#### Directions:
A verbatim copy of the full data, with no pictures, is the expected answer.

#### Dataset section:
--------------------------------------------------

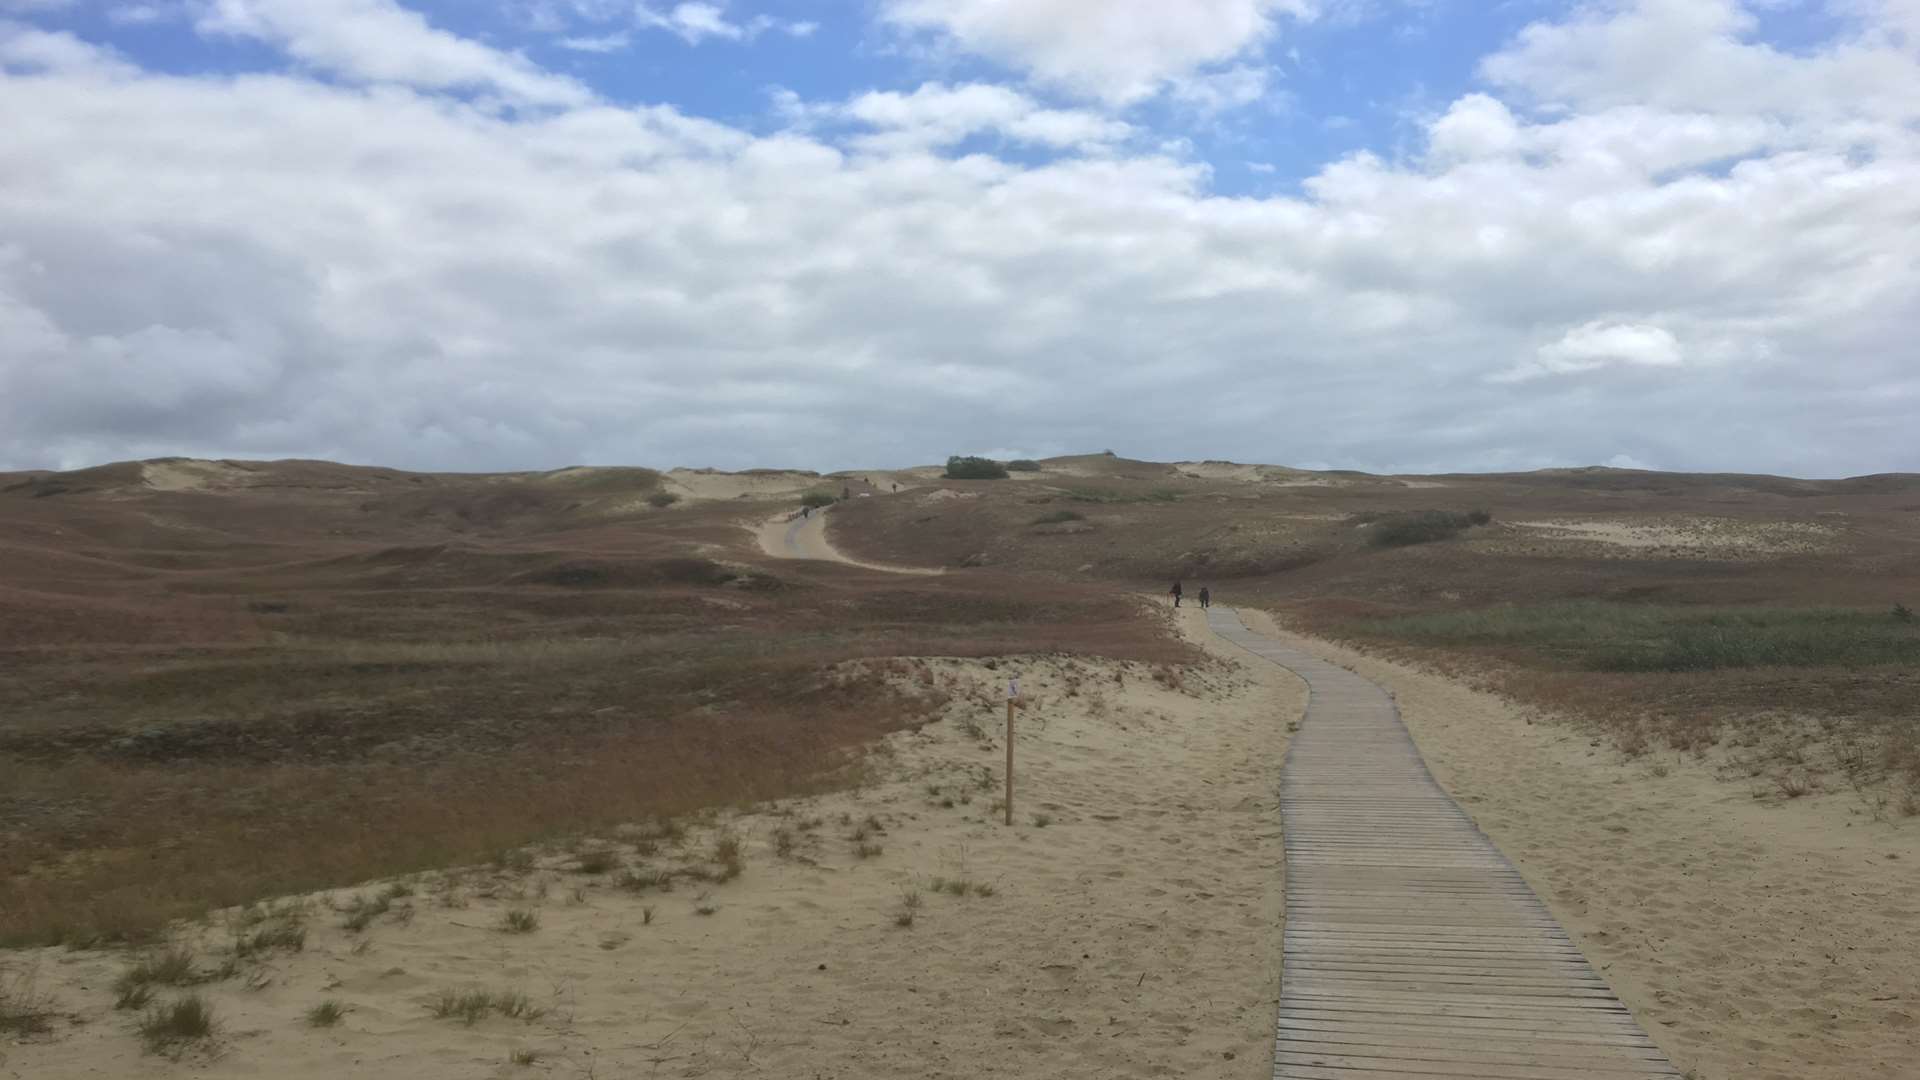 A 'dead' sand dune on the Curonian Spit, Lithuania. Picture: Ed McConnell
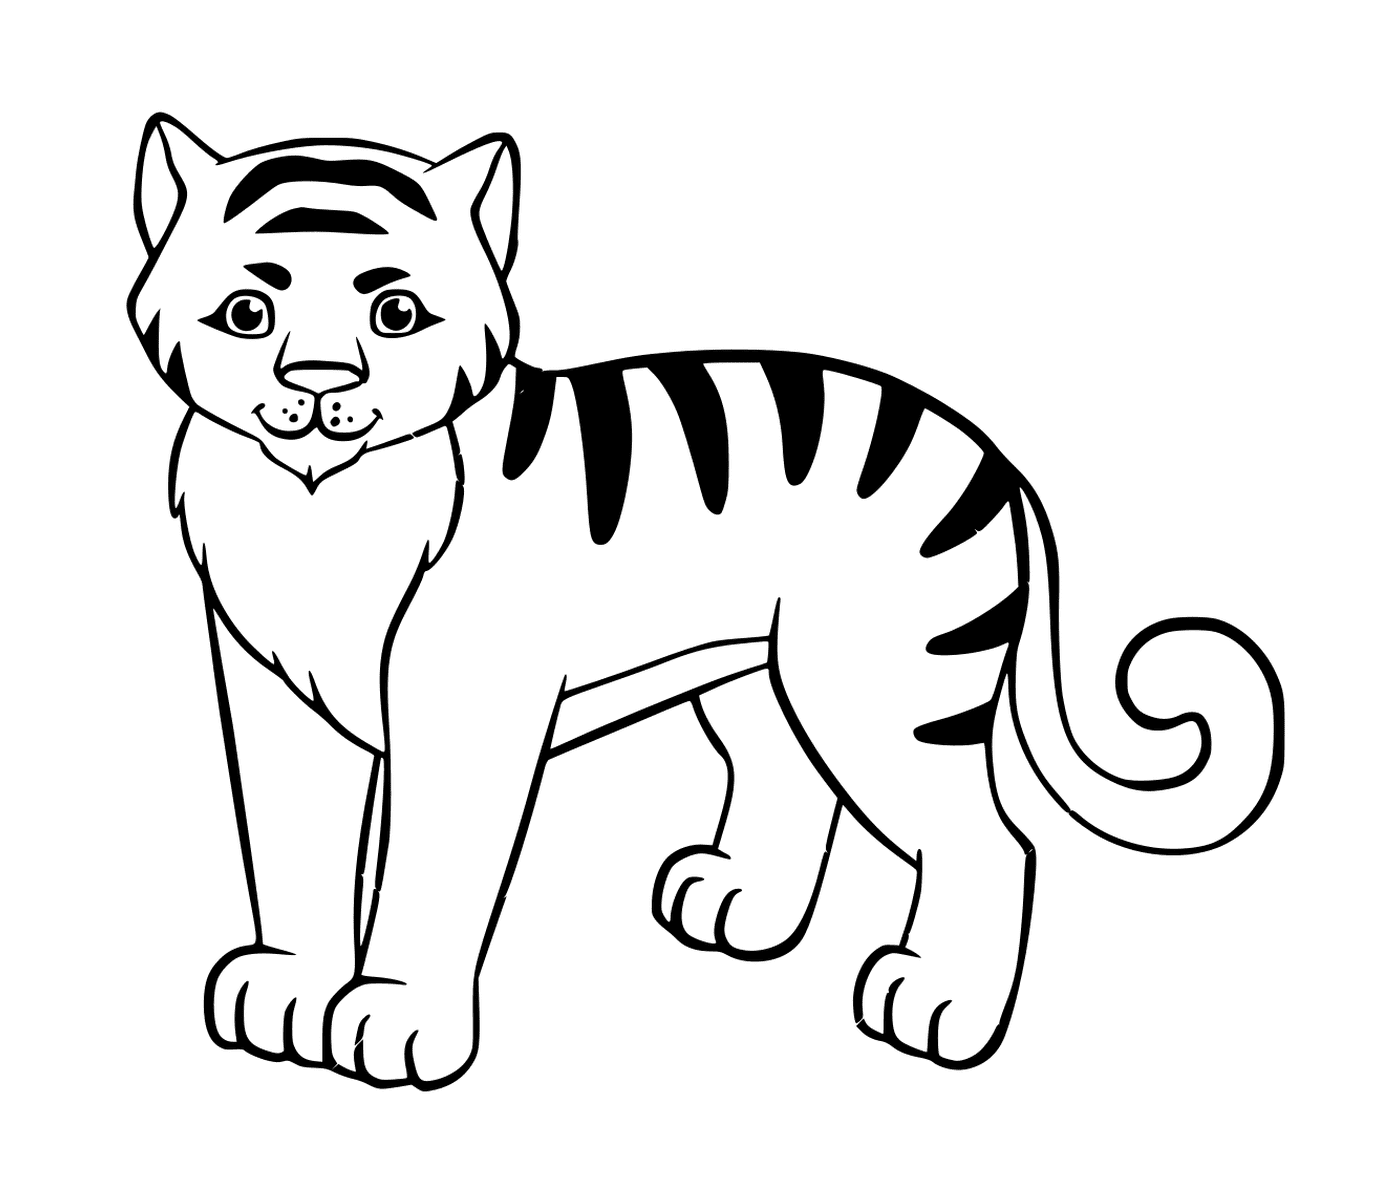  A tiger with black stripes 
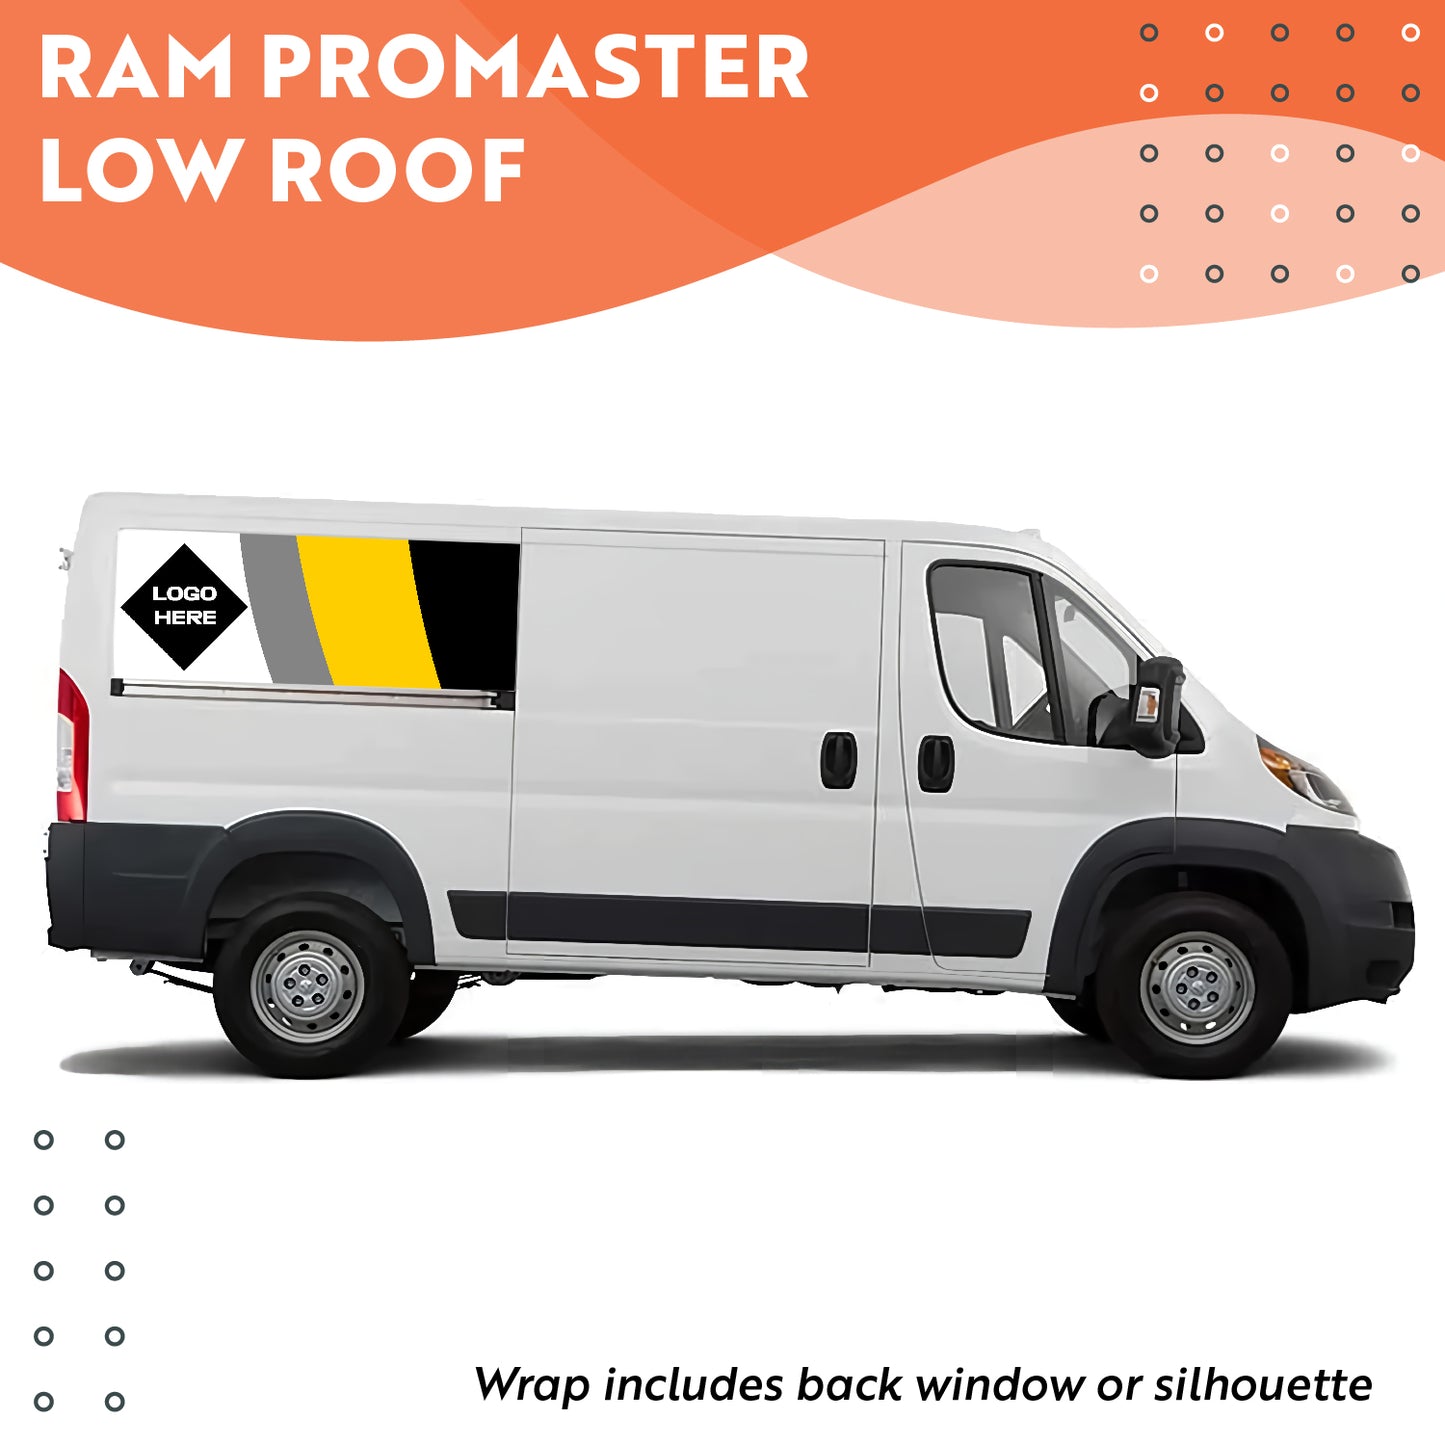 RAM Promaster Low Roof

--------------------------------------------------

#### Output of the exercise:
 A 'dead' sand dune on the Curonian Spit, Lithuania. Picture: Ed McConnell
  A tiger with black stripes 
 RAM Promaster Low Roof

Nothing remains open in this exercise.